Designing a new window / door generator

  1. M

    The current parametric window / door is based on the specifications provided by IFC (commonly known as the "Standard Case"). This standard is nice, but I sometimes wonder if it's actually been properly audited by someone who works as a door / window manufacturer or architect who does door / window schedules / details :)

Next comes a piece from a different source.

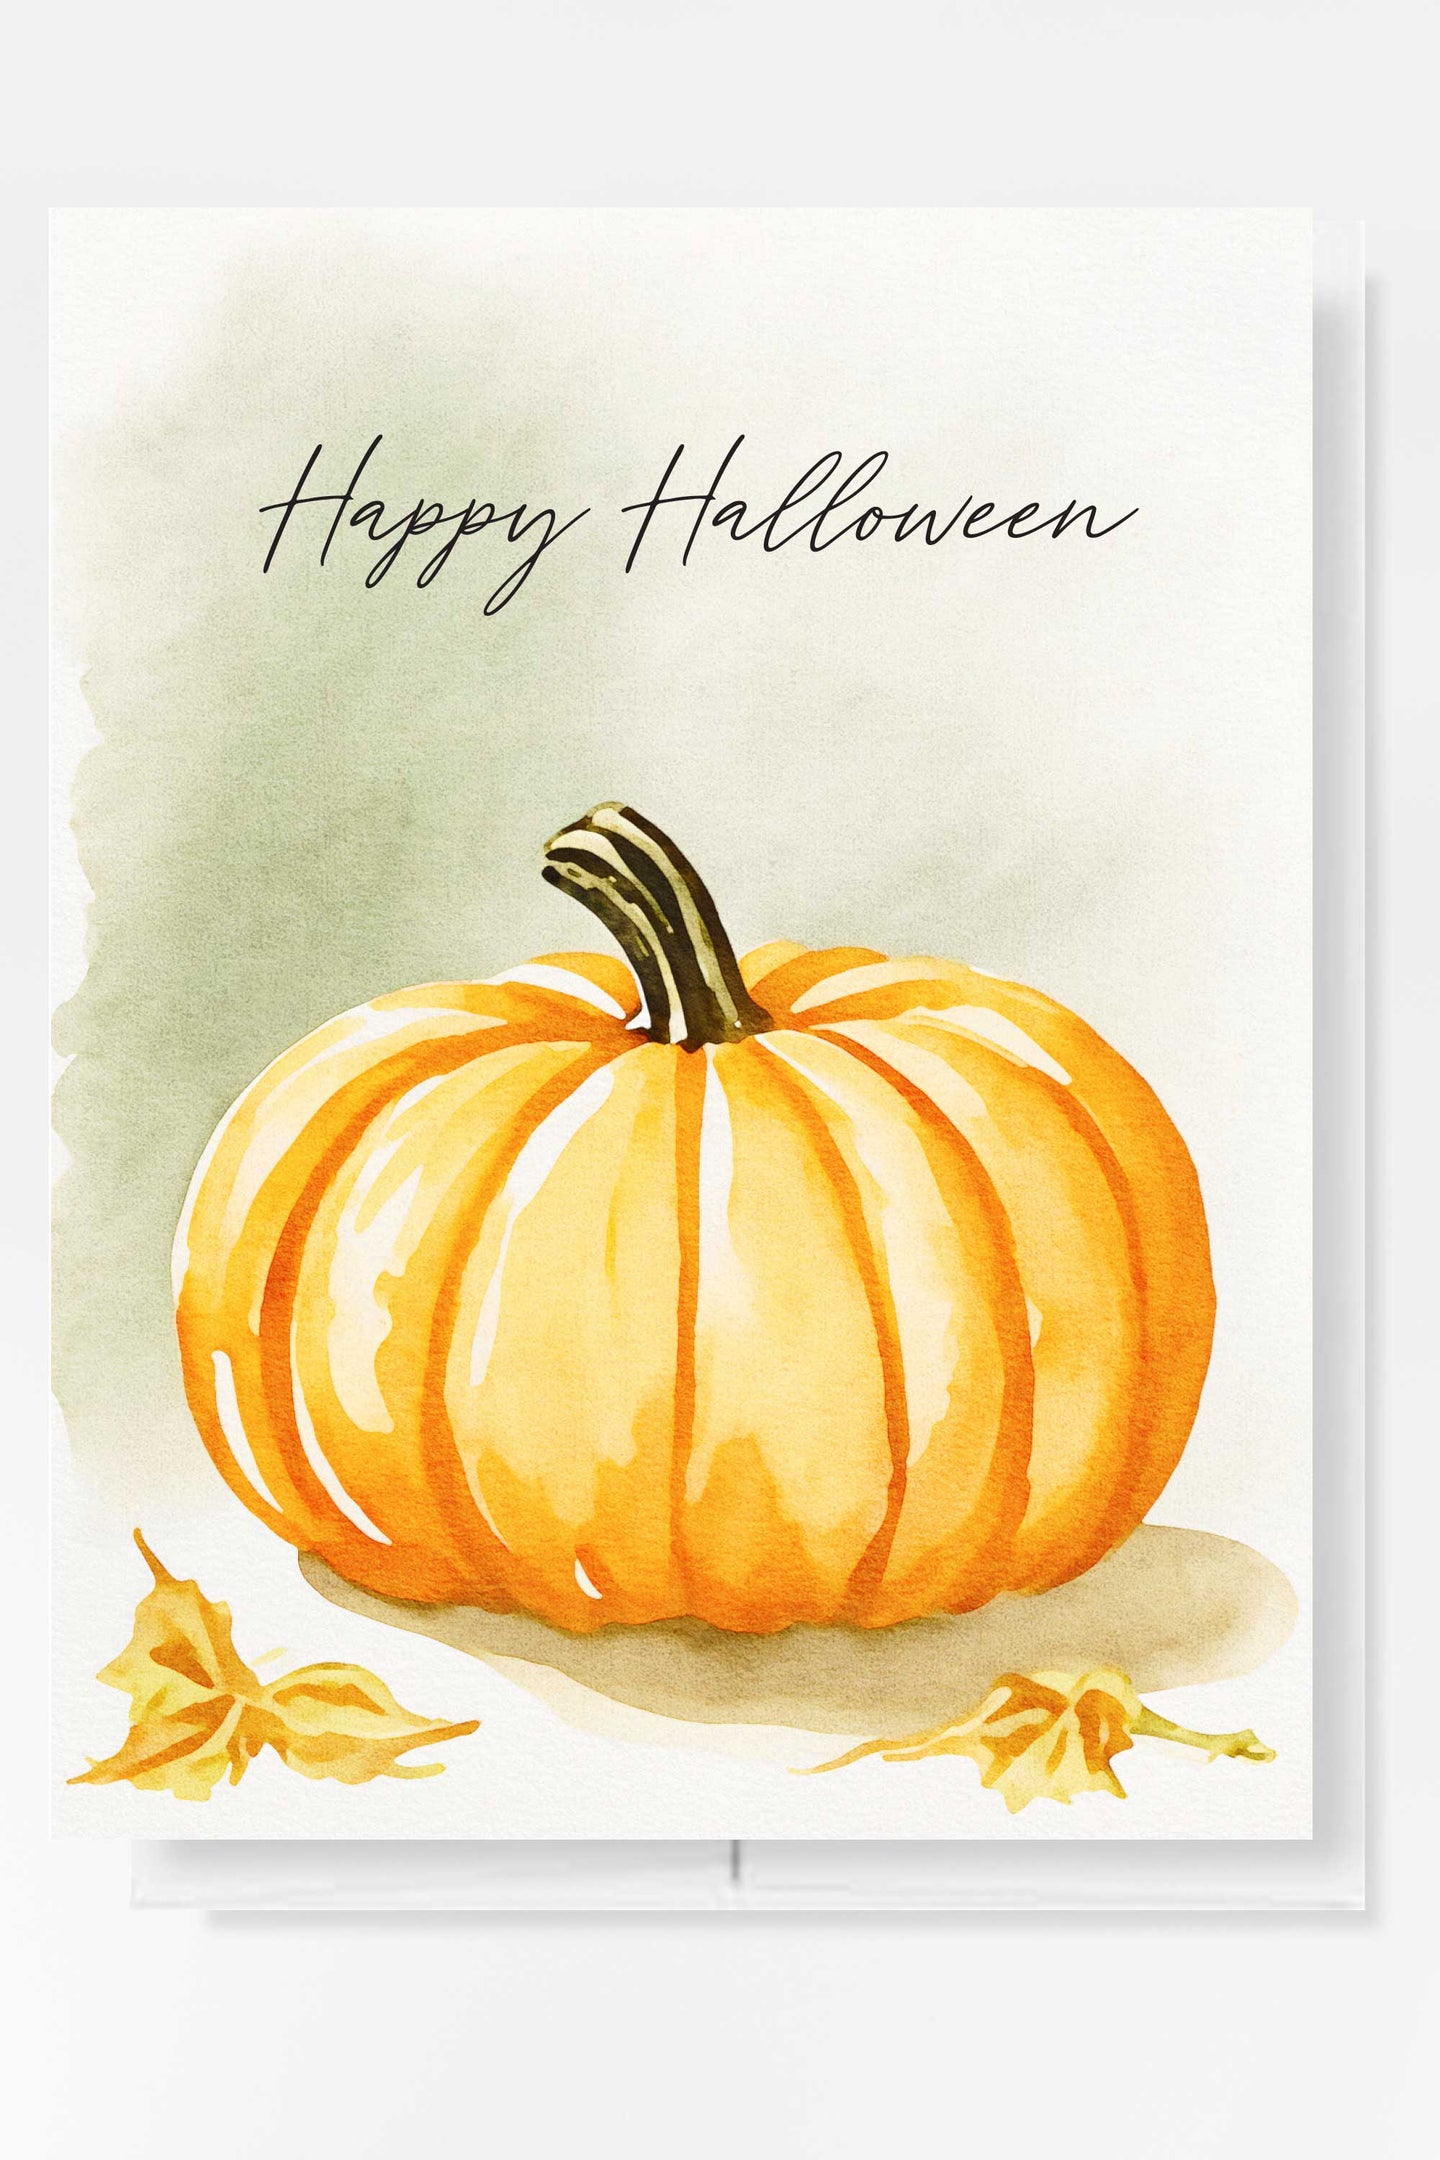 Pumpkin Happy Halloween Card Autumn Fall Watercolor Holiday
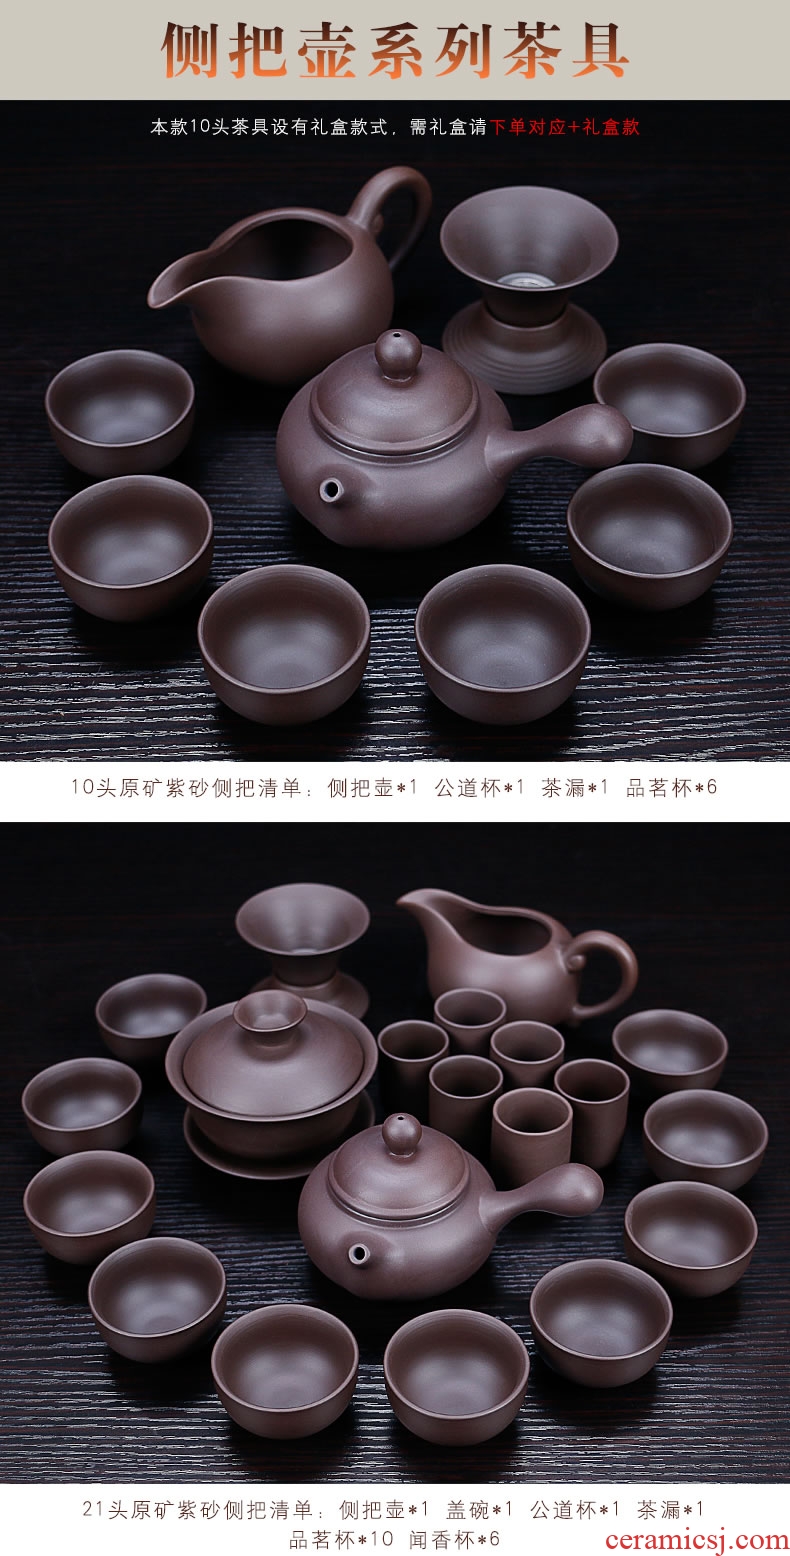 Tao blessing household violet arenaceous kung fu tea sets a complete set of ceramic teapot teacup tea gift set tea service

    I think it's now time for Bonsai / IfcOpenShell to be opinionated and offer a new door / window generator using our own rules informed by users to overcome the limitations of the standard case. Ping @yorik who has tackled this many times already in FreeCAD. See https://github.com/IfcOpenShell/IfcOpenShell/issues/3537 and https://github.com/buildingSMART/IFC4.3.x-development/issues/673 and https://github.com/IfcOpenShell/IfcOpenShell/issues/4206 for existing efforts. There are more efforts already but I can't find the link now, and please check out FreeCAD's amazing work too.

    What I'm hoping for:

    1. This will be a door/window generator that can be used purely in the IfcOpenShell API as something we offer. This means FreeCAD can benefit from it too, as well as people who want to generate doors but are dissatisfied (as some of us are) with the standard case. This is not mutually exclusive with other "geometry generation" methods. Just because we offer this doesn't mean we stop offering other methods too.

    2. Doors and windows are similar, and sometimes are combined in real life. FreeCAD actually does treat them as one tool, and I think this is a good idea unless @yorik tells me it was all a big mistakes :) It would be nice to have a macro "cell-based" approach like suggested in 4206, where each (potentially merged) cell either holds a window or a door, etc. Similarly terminology should be shared.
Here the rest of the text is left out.